Political Diagnosis: The Supreme Court Edition
By Christine Cupaiuolo — May 29, 2009
For starters, read the OBOS interview with Georgetown University Law Professor Emma Coleman Jordan about Judge Sonia Sotomayor’s nomination.
Coding Sonia Sotomayor: The New York Times today looks at Sotomayor’s direct and challenging questioning from the bench. Since we’re dealing with a female jurist, this is known as her “blunt and testy side.”
The story redeems itself — almost — by quoting Judge Guido Calabresi, a former dean of Yale Law School who taught Sotomayor there and now sits with her on the Second Circuit.
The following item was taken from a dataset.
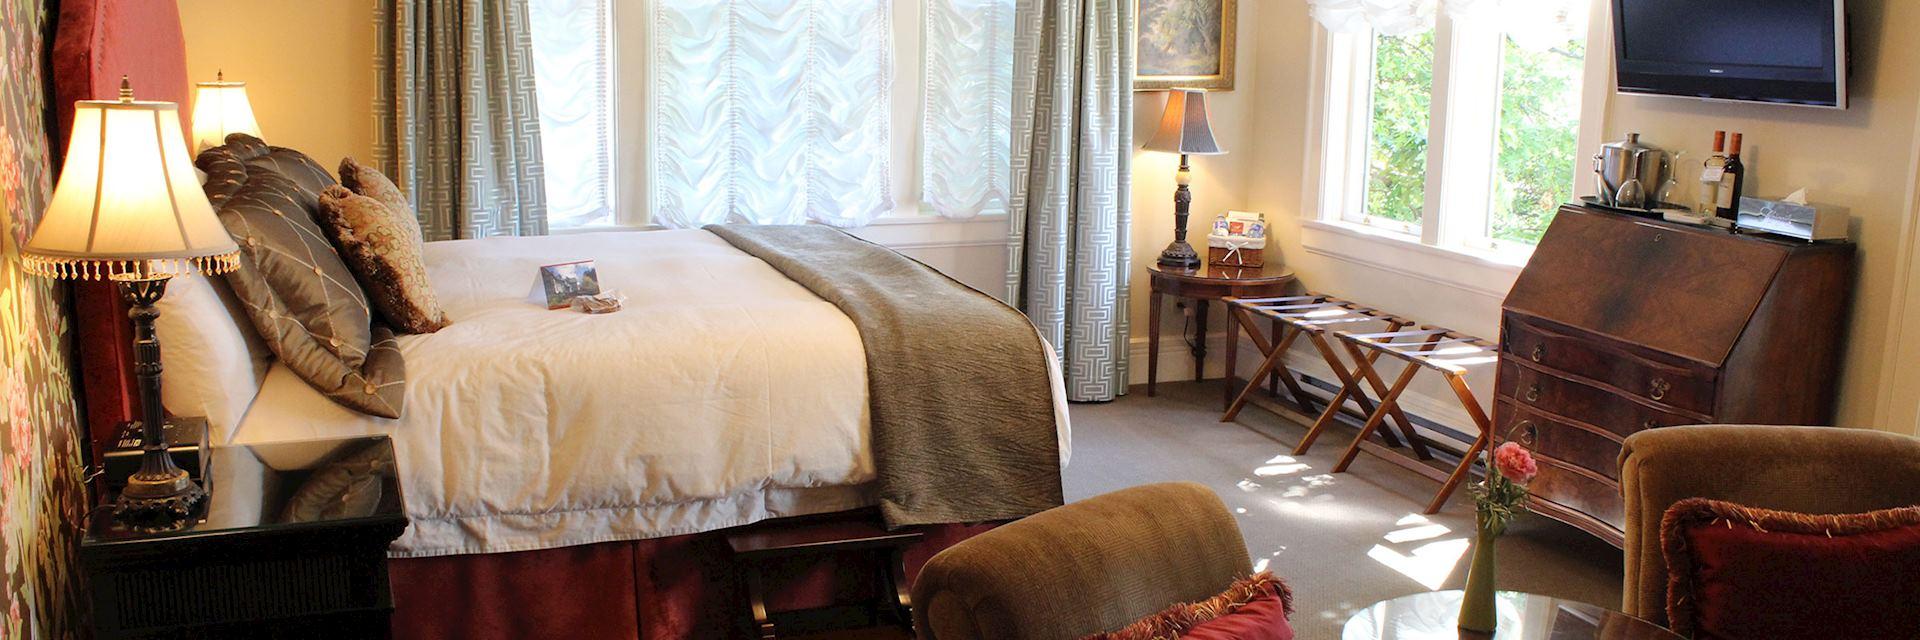 Abigail's Hotel, Victoria, Canada

He asserts that Sotomayor’s behavior was “identical” to other members of the 12-member court.
“Some lawyers just don’t like to be questioned by a woman,” Calabresi added. “It was sexist, plain and simple.”
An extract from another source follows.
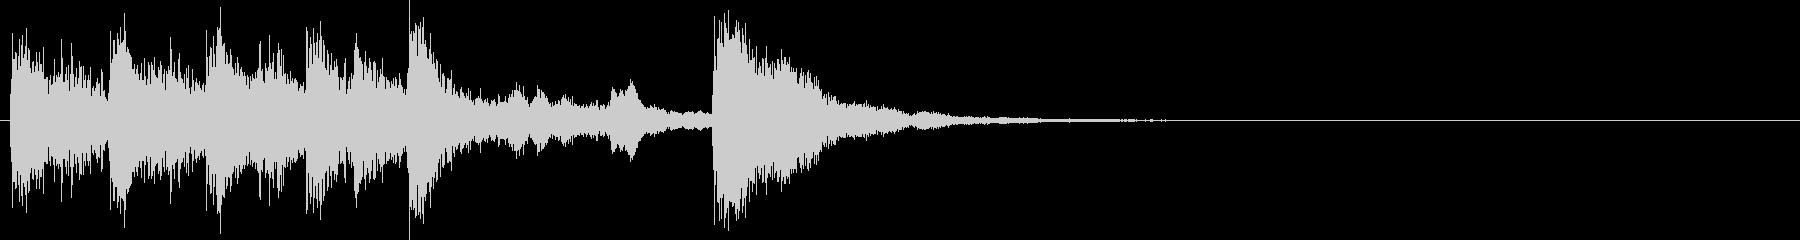 ティンパニが映えるレベルアップジングルの未再生の波形

During a discussion about the Times story on NPR’s “All Things Considered” this afternoon, EJ Dionne remarked that Justice Antonin Scalia is regarded as “sharp” and having “a sense of humor” for displaying the same aggressiveness. Funny how that happens.
Racist? Really?: Sen. John Cornyn, a member of the Senate Judiciary Committee, would prefer Republicans quit calling Sotomayor “racist,” as Rush Limbaugh and former House Speaker Newt Gingrich have been prone to do.
“I think it’s terrible. This is not the kind of tone that any of us want to set when it comes to performing our constitutional responsibilities of advice and consent,” Cornyn told NPR’s “All Things Considered” on Thursday.
Now about former Rep. Tom Tancredo’s comments that Sotomayor’s membership in the National Council of La Raza, which bills itself as “the largest national Hispanic civil rights and advocacy organization in the United States,” amounts to being part of “a Latino KKK” ….
Don’t Worry, Says White House: The White House went out of its way Thursday to address concerns that Sotomayor will uphold protections for a woman’s right to abortion. In her 17 years as a federal judge, Sotomayor has not dealt with constitutional questions about abortion, leaving little for groups on either side of the abortion debate to discuss.
White House spokesman Robert Gibbs said during a press briefing on Tuesday that Obama “did not ask that specifically” about Sotomayor’s views on abortion or privacy rights. That created some unease among pro-choice advocates.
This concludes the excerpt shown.